As an example, let us generate a customer profile table for five customers:

n_customers = 5
customer_profiles_table = generate_customer_profiles_table(n_customers, random_state = 0)
customer_profiles_table

	CUSTOMER_ID	x_customer_id	y_customer_id	mean_amount	std_amount	mean_nb_tx_per_day
0	0	54.881350	71.518937	62.262521	31.131260	2.179533
1	1	42.365480	64.589411	46.570785	23.285393	3.567092
2	2	96.366276	38.344152	80.213879	40.106939	2.115580
3	3	56.804456	92.559664	11.748426	5.874213	0.348517
4	4	2.021840	83.261985	78.924891	39.462446	3.480049

2.2. Terminal profiles generation¶

Each terminal will be defined by the following properties:

TERMINAL_ID: The terminal ID
(x_terminal_id,y_terminal_id): A pair of real coordinates (x_terminal_id,y_terminal_id) in a 100 * 100 grid, that defines the geographical location of the terminal

The generate_terminal_profiles_table function provides an implementation for generating a table of terminal profiles. It takes as input the number of terminals for which to generate a profile and a random state for reproducibility. It returns a DataFrame containing the properties for each terminal.

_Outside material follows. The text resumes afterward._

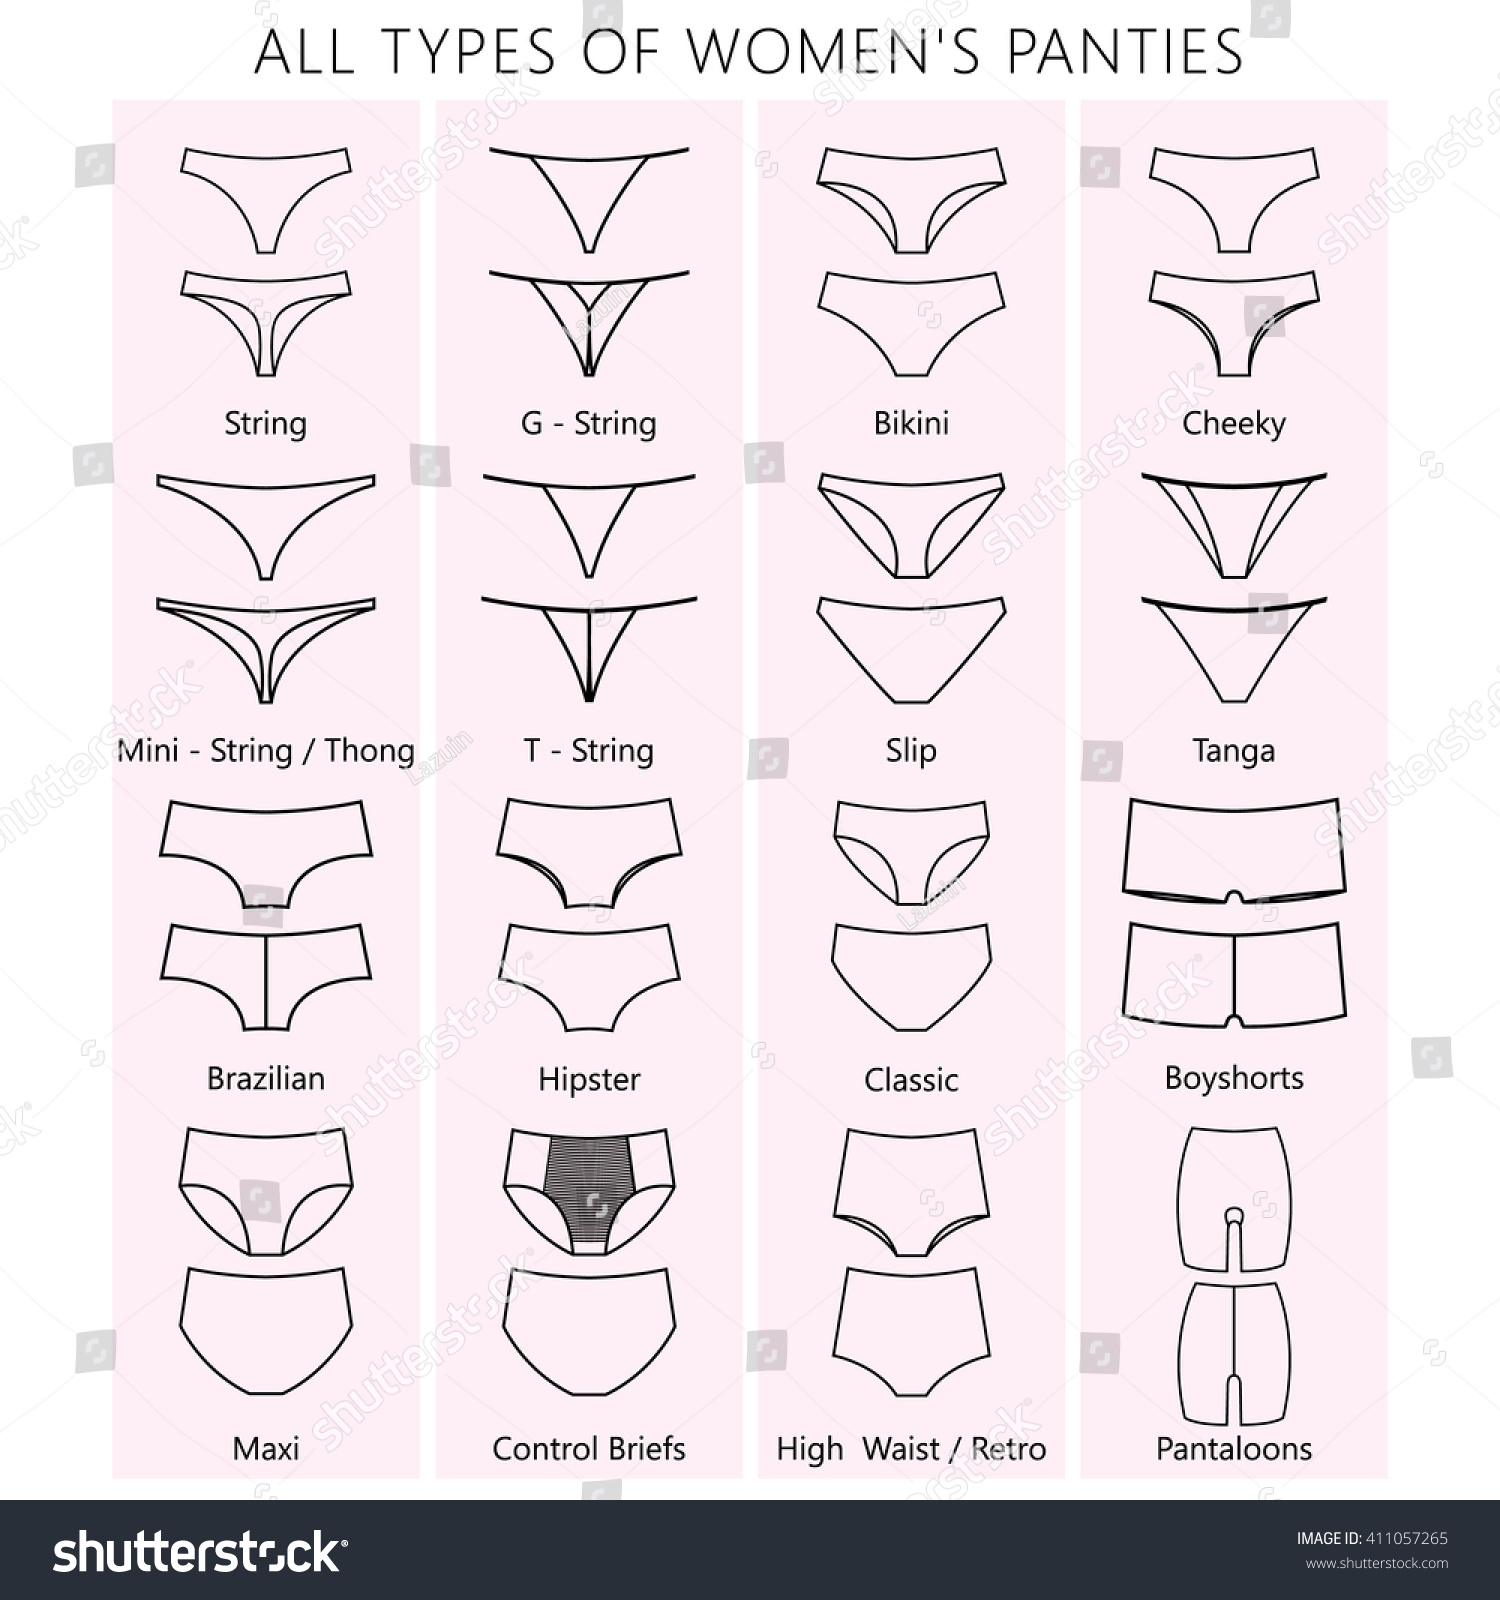 All Types Of Panties 20

def generate_terminal_profiles_table(n_terminals, random_state=0):
    
    np.random.seed(random_state)
        
    terminal_id_properties=[]
    
    # Generate terminal properties from random distributions 
    for terminal_id in range(n_terminals):
        
        x_terminal_id = np.random.uniform(0,100)
        y_terminal_id = np.random.uniform(0,100)
        
        terminal_id_properties.append([terminal_id,
                                      x_terminal_id, y_terminal_id])
                                       
    terminal_profiles_table = pd.DataFrame(terminal_id_properties, columns=['TERMINAL_ID',
                                                                      'x_terminal_id', 'y_terminal_id'])
    
    return terminal_profiles_table

As an example, let us generate a customer terminal table for five terminals:

n_terminals = 5
terminal_profiles_table = generate_terminal_profiles_table(n_terminals, random_state = 0)
terminal_profiles_table

	TERMINAL_ID	x_terminal_id	y_terminal_id
0	0	54.881350	71.518937
1	1	60.276338	54.488318
2	2	42.365480	64.589411
3	3	43.758721	89.177300
4	4	96.366276	38.344152

2.3. Association of customer profiles to terminals¶

Let us now associate terminals with the customer profiles. In our design, customers can only perform transactions on terminals that are within a radius of r of their geographical locations.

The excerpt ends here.